NFL Combine 2015: Where Top Prospects Get Tinder-ized

It’s possible that Jameis Winston is overweight, and it’s possible that the whole thing was an unfortunate camera trick. Either way, this became an actual storyline that required an actual refutation from an actual quarterback guru named George Whitfield, after a photo surfaced last weekend of a puffed-up Winston with (seriously) a leash around his waist.
All of which means that it is time for yet another NFL scouting combine (after days of player meetings and press conferences, potential draftees take the field Friday in Indianapolis), all of which means that everything you read about professional football for the next few weeks leading up to the draft is about to get even more arbitrary and stupid than it normally is.
There are few events in sports more patently weird than the combine: All those sparsely-clothed aspirants performing for a room full of power brokers can really boil down the discomfiting social and racial undertones of professional football to their essence. But the combine has become more than that; it’s become an exemplar of everything that is ridiculous about modern culture, about our reflexive tendency to find fault with pretty much everything. The combine is all the terribleness of social media writ large; it is a display of the power of innuendo and snap judgment, which is also probably why it’s so difficult to look away from it.

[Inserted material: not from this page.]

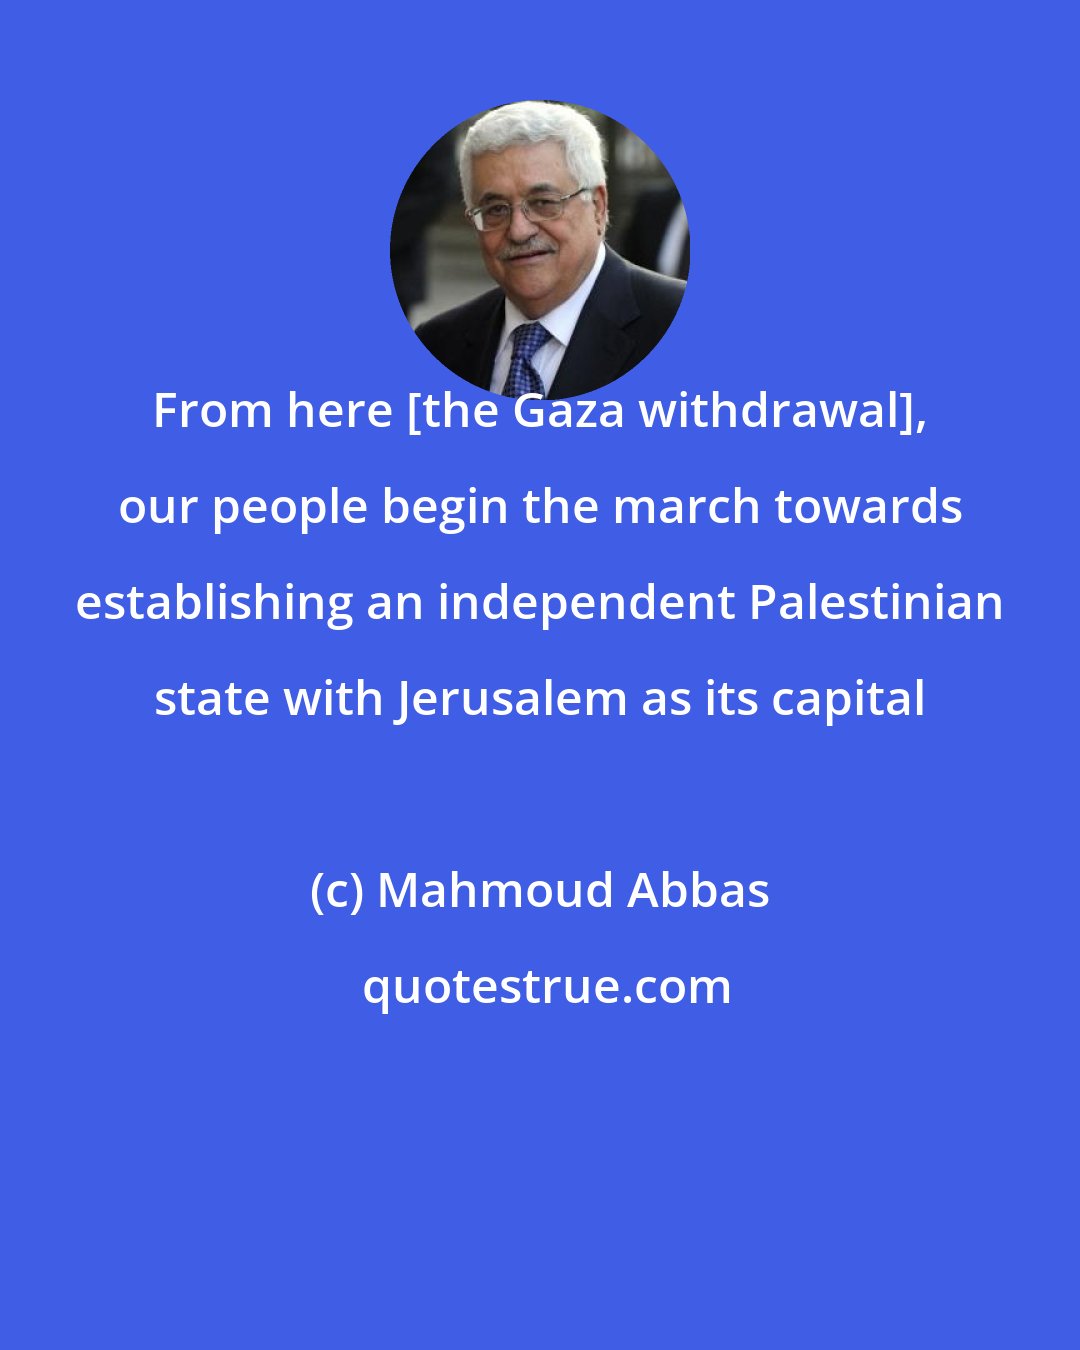 Mahmoud Abbas: From here [the Gaza withdrawal], our people begin the march towards establishing an independent Palestinian state with Jerusalem as its capital

This is not to say that Jameis Winston doesn’t deserve the scrutiny. I can think of few top-tier quarterbacks who have come out of college in the past few years who are more deserving of a careful vetting than Winston. Beyond the rape case that threatened to send him to prison (he was not charged), there was an obvious pattern of baffling immaturity that tamped down his draft status for much of last fall. But then one of those totally arbitrary things happened: The Draft Establishment, such as it is, determined that Winston was a more NFL-ready prospect than Oregon’s Marcus Mariota.

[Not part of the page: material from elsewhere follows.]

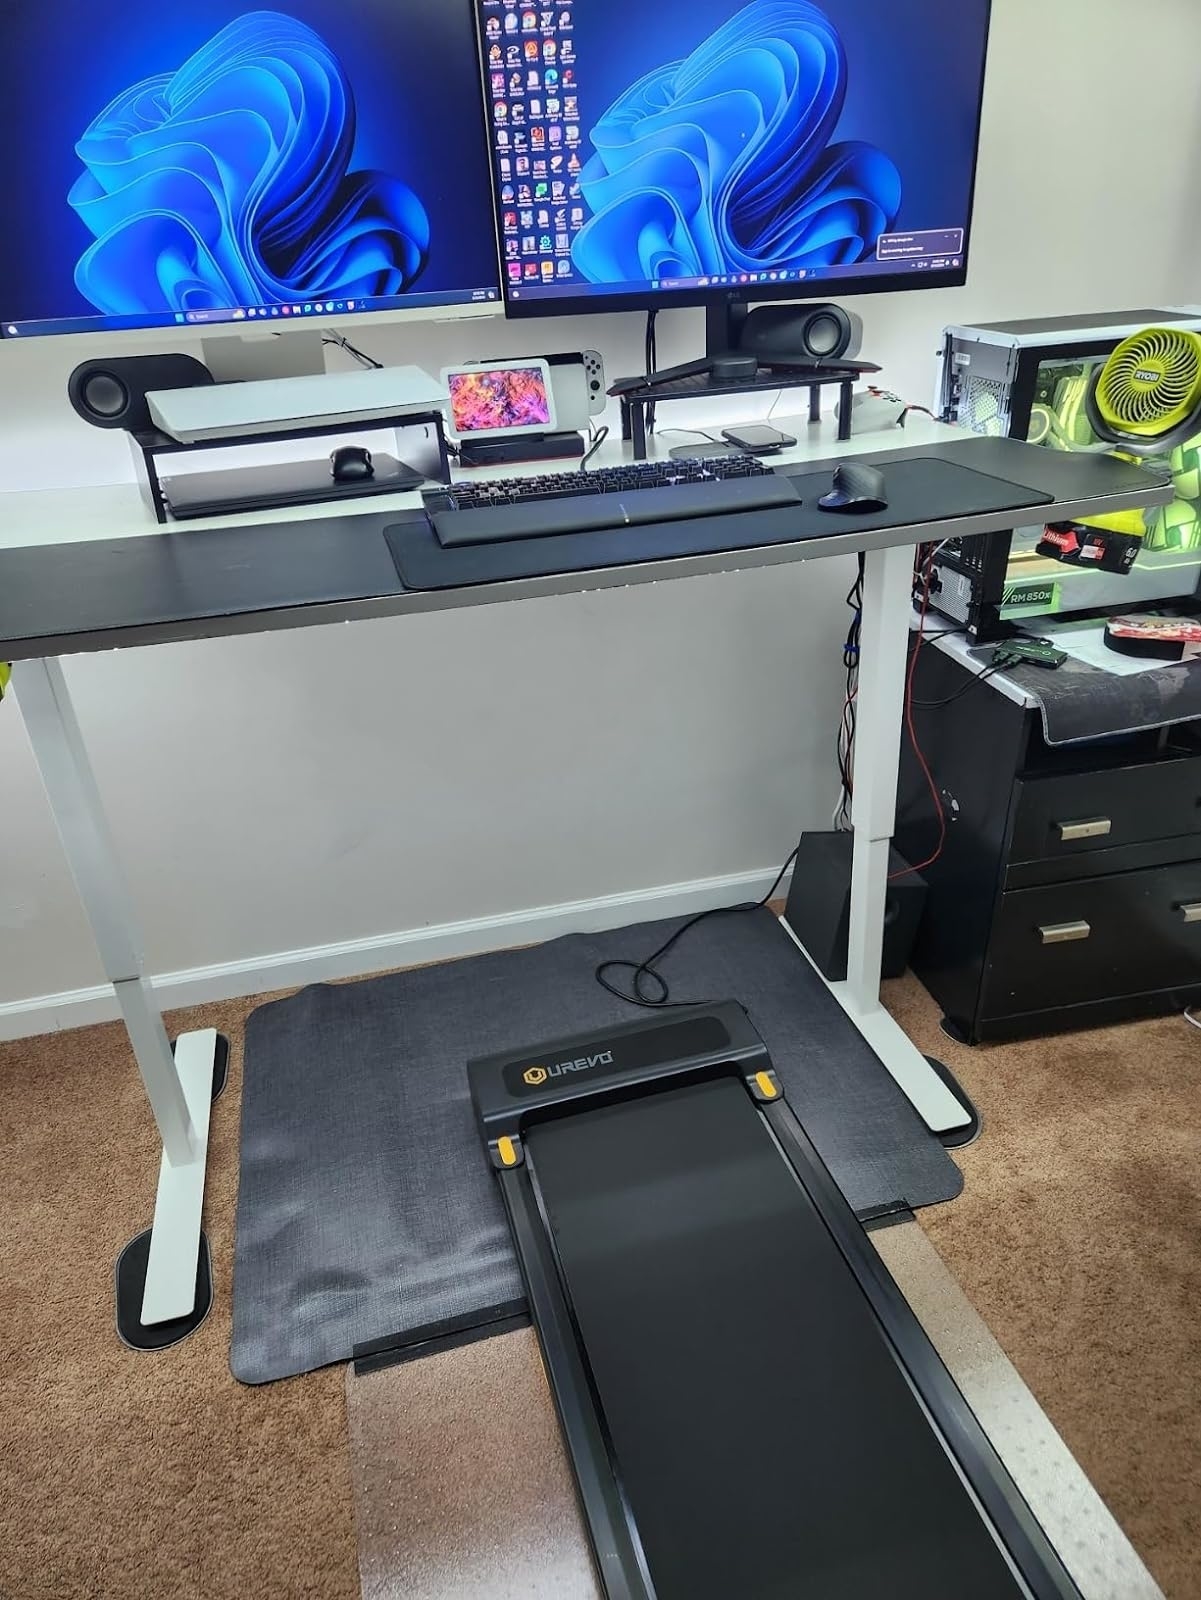 Home office setup with a standing desk, dual monitors, and treadmill set up underneath

And so this is where we stand heading into the combine: The placid and well-liked quarterback everyone thought would go first, Mariota, has now dropped down to fifth or sixth in mock drafts (in part because he may be too nice), and the “problematic” quarterback who appeared to be almost hopelessly wayward is now projected to be the No. 1 pick in the draft by the Tampa Bay Buccaneers.
This is subject to change, of course, but everything is subject to change: That’s lesson one of the combine and its aftermath. If someone stumbles in the three-cone drill, his stock could drop precipitously. If someone sprints across 40 yards of artificial turf in particularly good time, his stock could skyrocket. It is all a matter of perception, and over the next few weeks, there is no escaping the toxicity of the process.

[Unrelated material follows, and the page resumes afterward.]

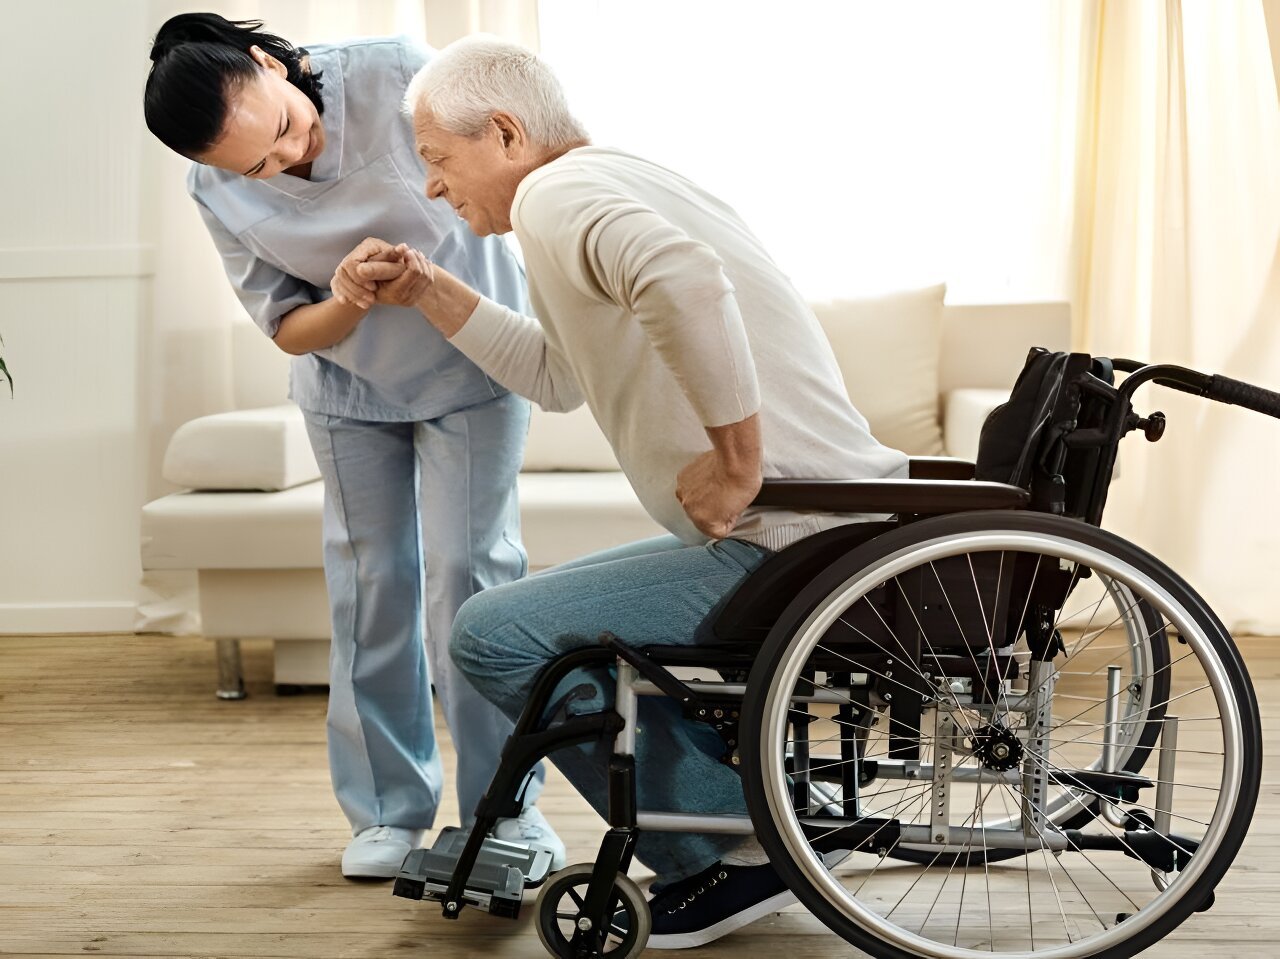 Staffing shortages at nursing homes continue Report

“Some things never really change,” wrote CBS Sports’ Jason La Canfora, “especially when it comes to the odious pre-draft process in the NFL, which often remains a slog through negativity, a slow trudge through the lowest-common denominator of anonymous character assassinations of 20-year-old kids and thinly-veiled racism.”
In fact, I wonder if these perceptions become self-fulfilling prophecies. (Certainly, in the era before black quarterbacks were taken seriously, they did.) I wonder how it affects a 20-year-old whose spent his entire career being told he’s better than the majority of his peers, when suddenly he’s being told that he is deficient in some central aspect of football he’d never pondered before. I wonder if the negativity of the process actually winds up affecting the process itself, on both sides; if scouts are so paranoid of making mistakes that they actively seek out negativity, and if young athletes are so thrown by the process that they wind up getting stuck in patterns they can’t escape.
And I guess this is why the combine remains so fascinating: Because it feels like a metaphor for the thorny and harrowing social-media culture we now encounter every day. Because it is absurd and often highly inaccurate, and even if we’ve never played a down of football, at least we can all relate to the process of being judged.